Лидия Чарская - Том 38. Огонек
Право, иногда совсем не дурно принять морскую ванну в марте месяце, чтобы узнать, как тебя все любят и дорожат тобою…
Жаль только Казю. Бедняжка ходит как потерянная и всем и каждому твердит одно и то же:
— Если бы не мое глупое непослушание тогда на берегу, Ира-Огонек была бы здорова!
Милая дурочка воображает, что я больна из-за нее. Вовсе нет, больна потому, что пришла болезнь. Только и всего. И чего они все так волнуются? Право, даже смотреть досадно! Ну была больна, ну была больна серьезно, ну… Я теперь здорова, совсем здорова! И просто жестоко со стороны доктора (презабавный финн с очками, круглыми, как вентиляторы) держать меня взаперти. Правда, мои пальцы похожи на лапы паука (белого, конечно), так они похудели, а сама я выгляжу выходцем с того света: желта, как лимон, а глаза горят, как плошки. Премиловидная девица, нечего сказать! Золотая, наверное, не узнает, когда приедет.
Ах, теперь остается только две недели до ее приезда… Они вздумали было писать о моей болезни и обо всем том, что случилось, но Принцесса (голубушка Принцесса! Как я ее люблю за это!) — Принцесса на коленях, говорят, умоляла Марью Александровну не делать этого, зная с моих слов, как безбожно беспокоить Золотую перед самым ее дебютом. Мариночка сознает лучше других, что в эти дни решается судьба моей мамы. Что от этих дней зависит вся наша дальнейшая с нею жизнь. Умница моя! Когда я узнала все от Живчика, которая — увы! — от слова до слова подслушала весь разговор таинственного совещания начальства (на него, как взрослую девицу, пригласили и Принцессу), я чуть не прокричала: "Ура!"

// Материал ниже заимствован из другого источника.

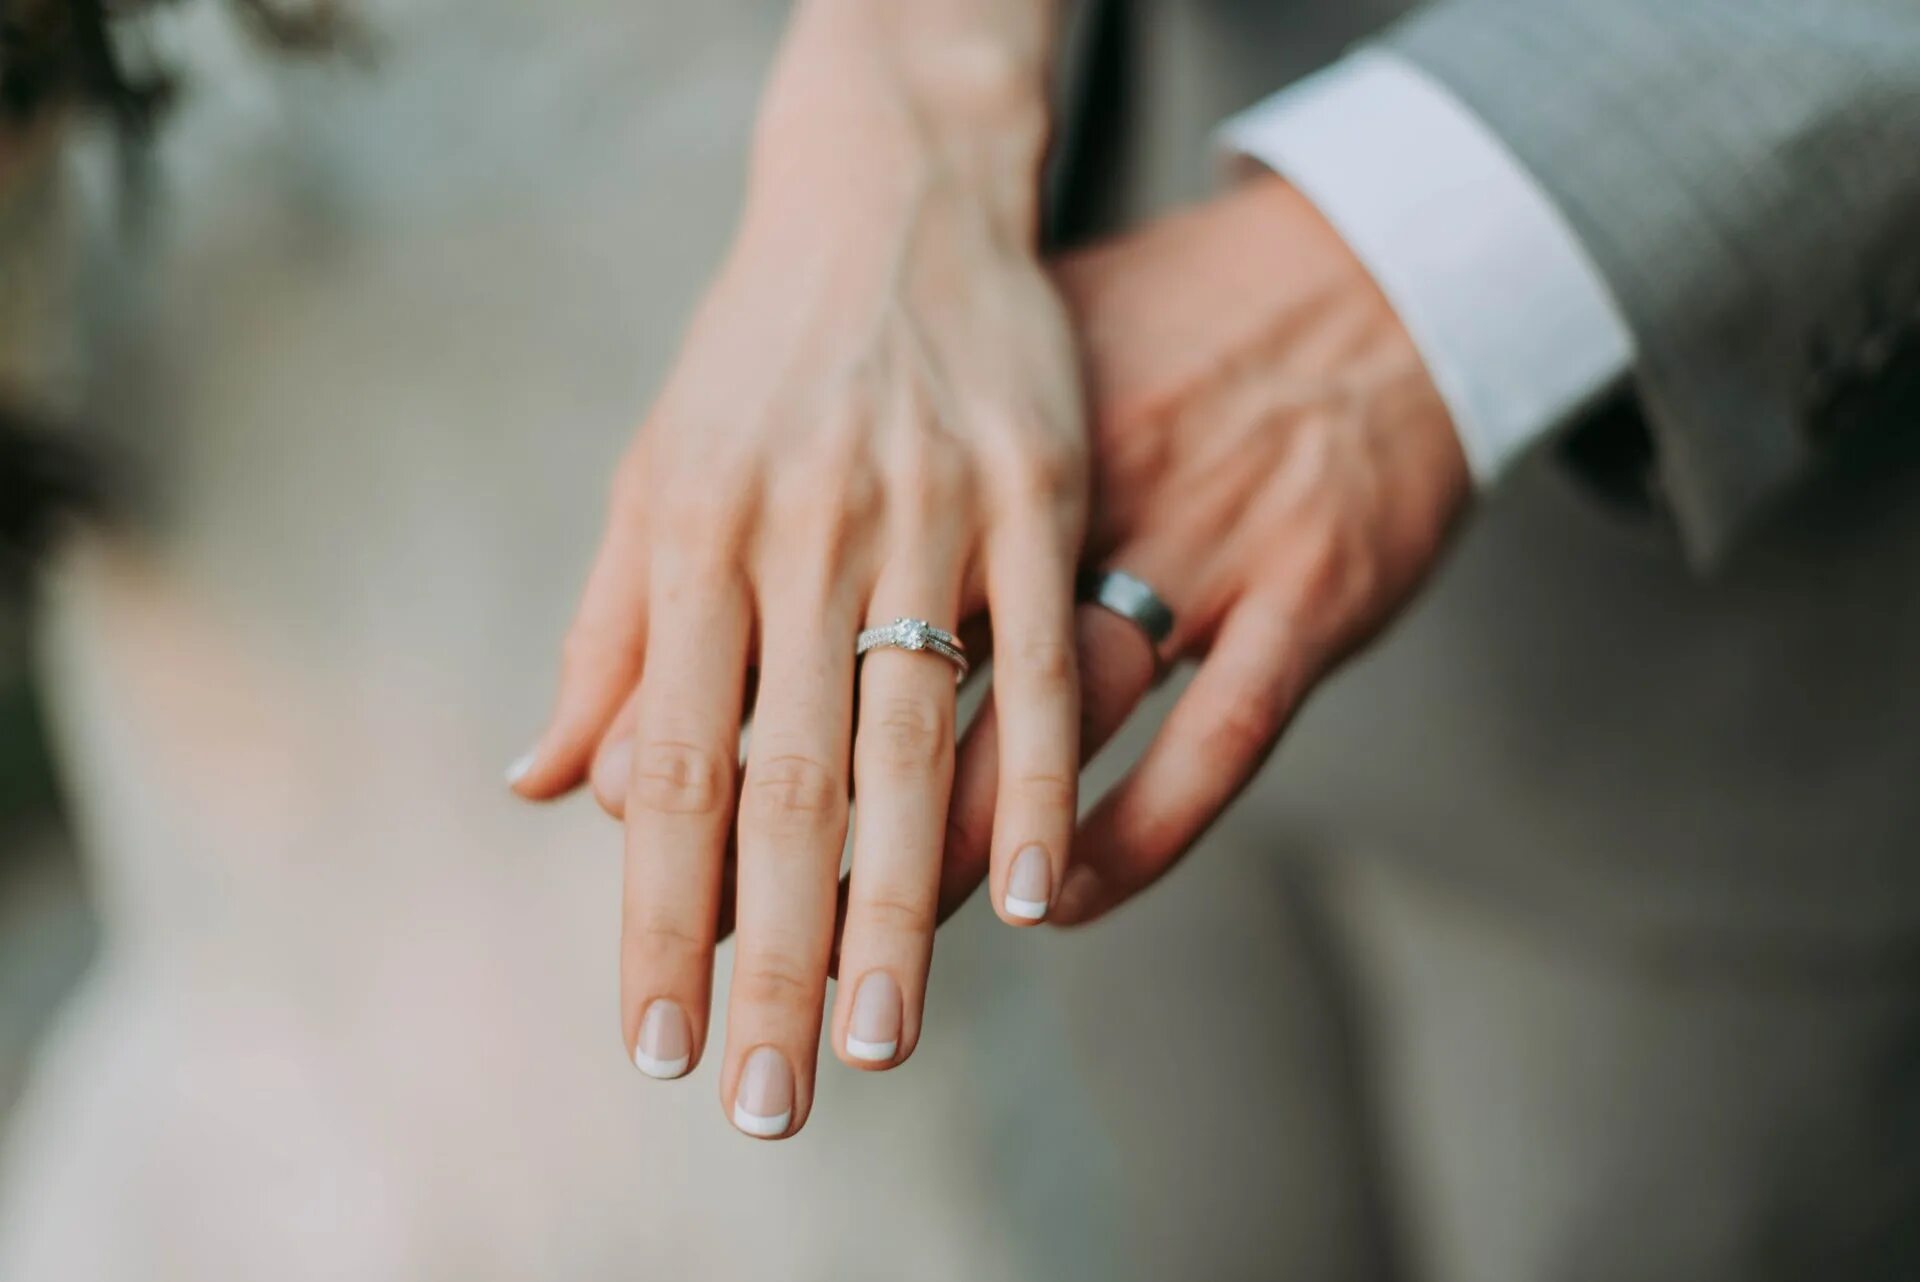 Брак. Обручальное кольцо. Обручальное кольцо на пальце. Обручальные кольца на руках.
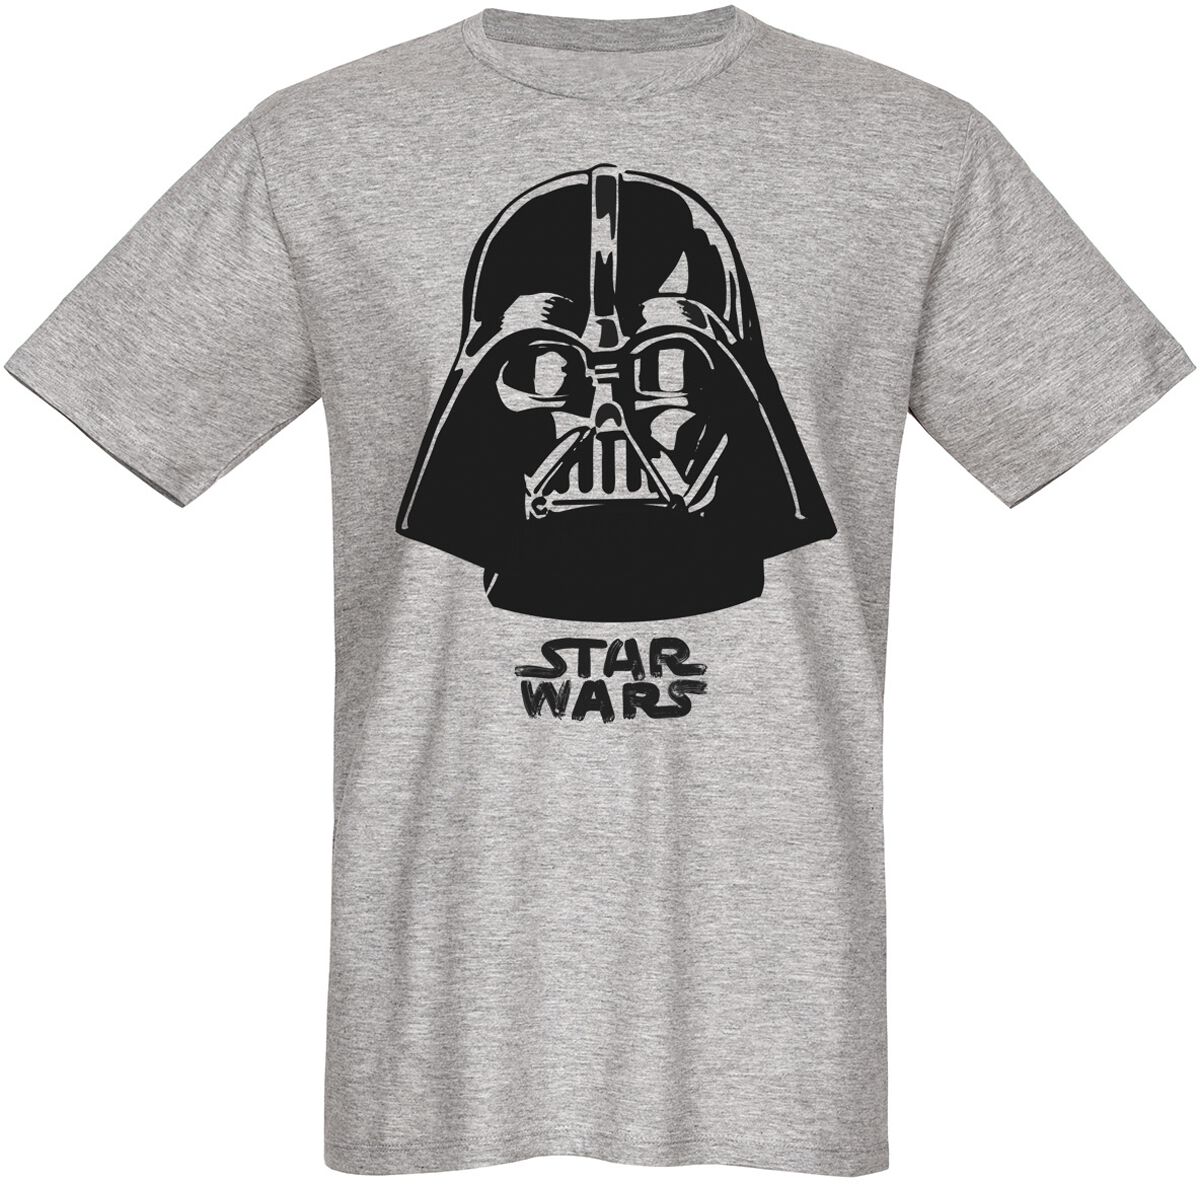 Star Wars T-Shirt - Darth Vader - The Boss - S bis 3XL - für Männer - Größe XXL - grau  - Lizenzierter Fanartikel

Ну разумеется, Золотая не должна знать ничего о «событии» до тех пор, пока я не сойду с постели. А потом я расскажу ей все это в комическом виде. Да! Слава Богу, я могу снова писать дневник и письма Золотой. Последние письма! Скоро я увижу ее! Увижу! Вот-то мы зададим бал им всем, воображаю! Только бы прошел кашель, несносный кашель! Когда его приступ овладевает мною, мне кажется, что я лопну или задохнусь. А эта гадкая красная мокрота, похожая на вишневый сироп по цвету, которая пятнами остается на носовом платке.
Скорее бы прошло все это! Теперь весна. Море совсем вскрылось, если верить Живчику и другим, и из бельведера вид прекрасной. А у меня перед окнами сосны и не видно моря… Какая жалость! Ужасно вспомнить, что не придется закончить моей картины "Куки и его салазки". Это зимний жанр, а теперь уже не увидишь снега, салазок и Куки в его шапке-треушнике, сползающей по самые брови.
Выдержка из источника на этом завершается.